Pelvic floor physical therapy

Another lifestyle and physical change that has promising benefits in elevating pain is a physical therapy which improves the flexibility of the vaginal and pelvic floor muscles. These exercises also train the patient to relax their pelvic floor muscles to eventually find the ultimate comfort instead of experiencing excruciating pain.

Does Botox Help with Vaginismus?

Botox is a popular neuromodulator that helps with muscle relaxation when injected. Since vaginismus leads to involuntary muscle spasms and contraction in the vagina, injecting the vaginal muscles with botox alleviates the symptoms to an extent.

Women who have affected sexual life due to vaginismus often get botox injections to reduce the involuntary contractions in the vagina. In patients with vaginismus, the botox is directly injected into the bulbospongiosus muscle, which is found around the opening of the vagina.

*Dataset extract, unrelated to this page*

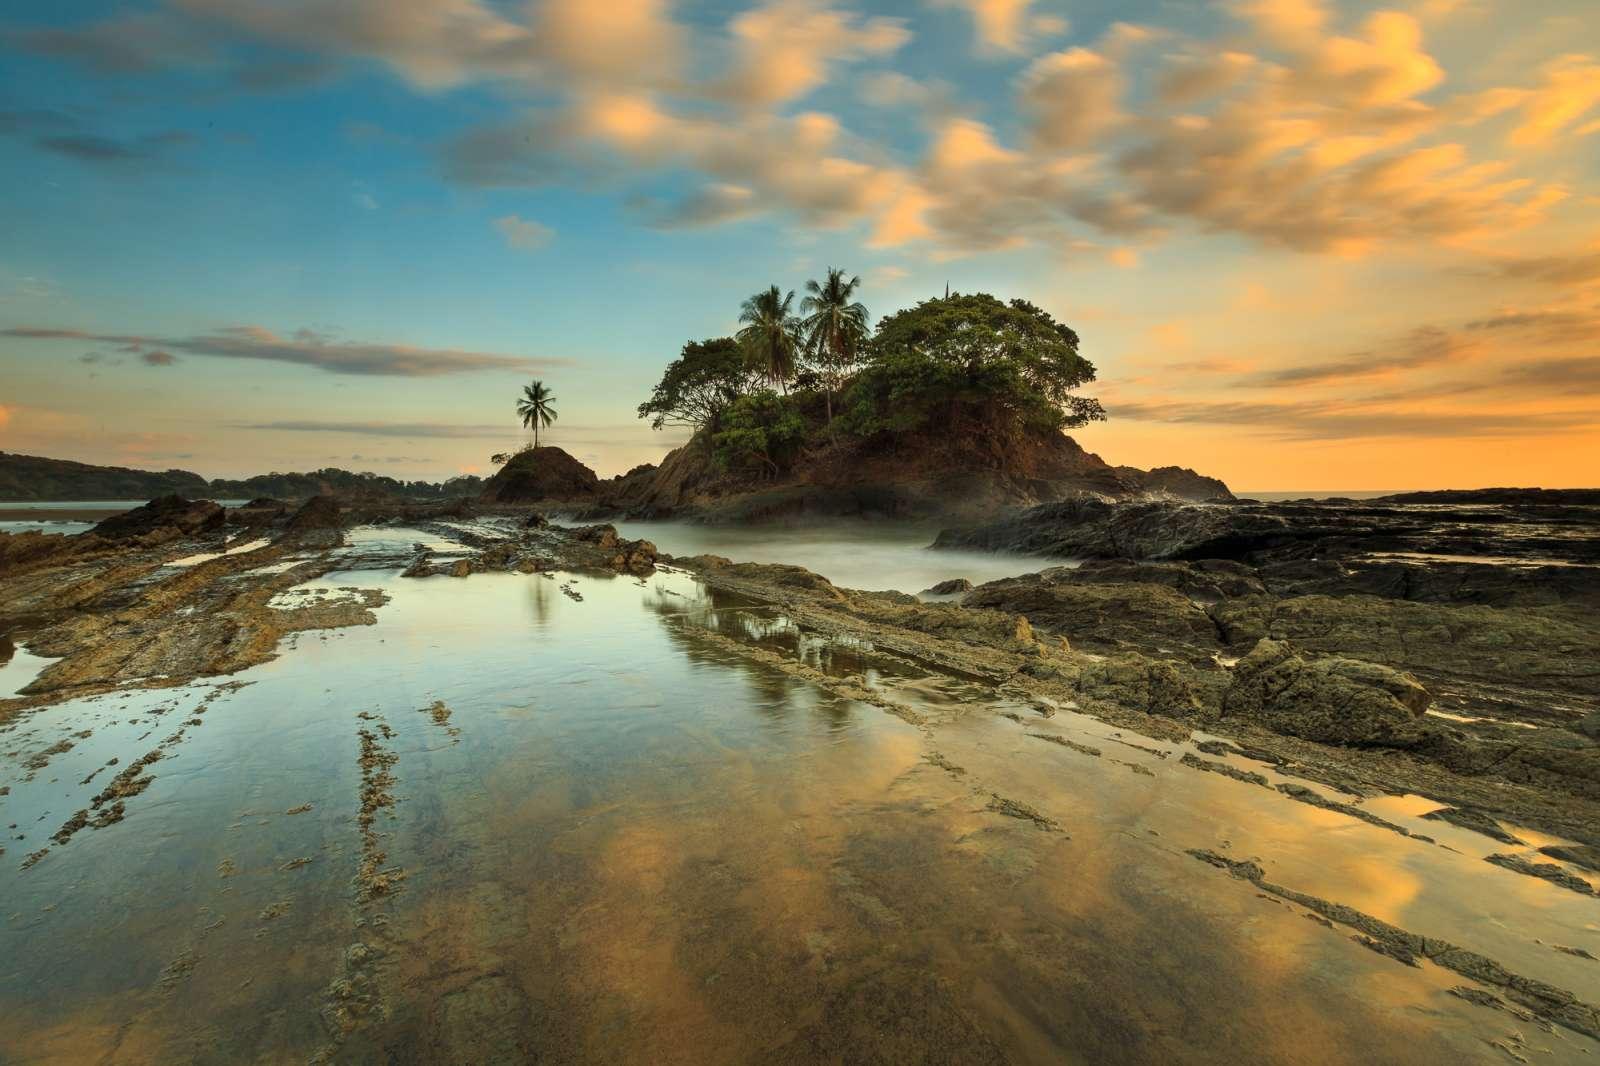 Una semana fotografiando Costa Rica 54

The effects of one botox injection last for 3-5 months, following which the same has to be reapplied.


Women suffering from vaginismus often experience issues related to their sexual life. If you are experiencing any of the mentioned symptoms and don’t want the condition to take a toll on your quality of life, getting medical help is crucial. It can be treated and you can experience a normal sex life. Therefore, it is important to seek help at the right time. 

At Queen’s Gynecology, we are here to provide patients with a safe and non-judgmental space to discuss the symptoms and then follow a line of treatment to elevate the physical, sexual and emotional well-being of the patient.

For more details, contact us at https://queensgynecology.in/contact-us


Can I prevent vaginismus?

Vaginismus is an involuntary condition, which means that no one has control over the condition. Since the exact cause behind the condition isn’t known, there are no proven ways to prevent vaginismus.

What is the prognosis for people with vaginismus?

Most women with vaginismus don’t experience any prevalent symptoms after getting proper treatment. However, successful treatment takes some time, so ensure that you are patient throughout the process.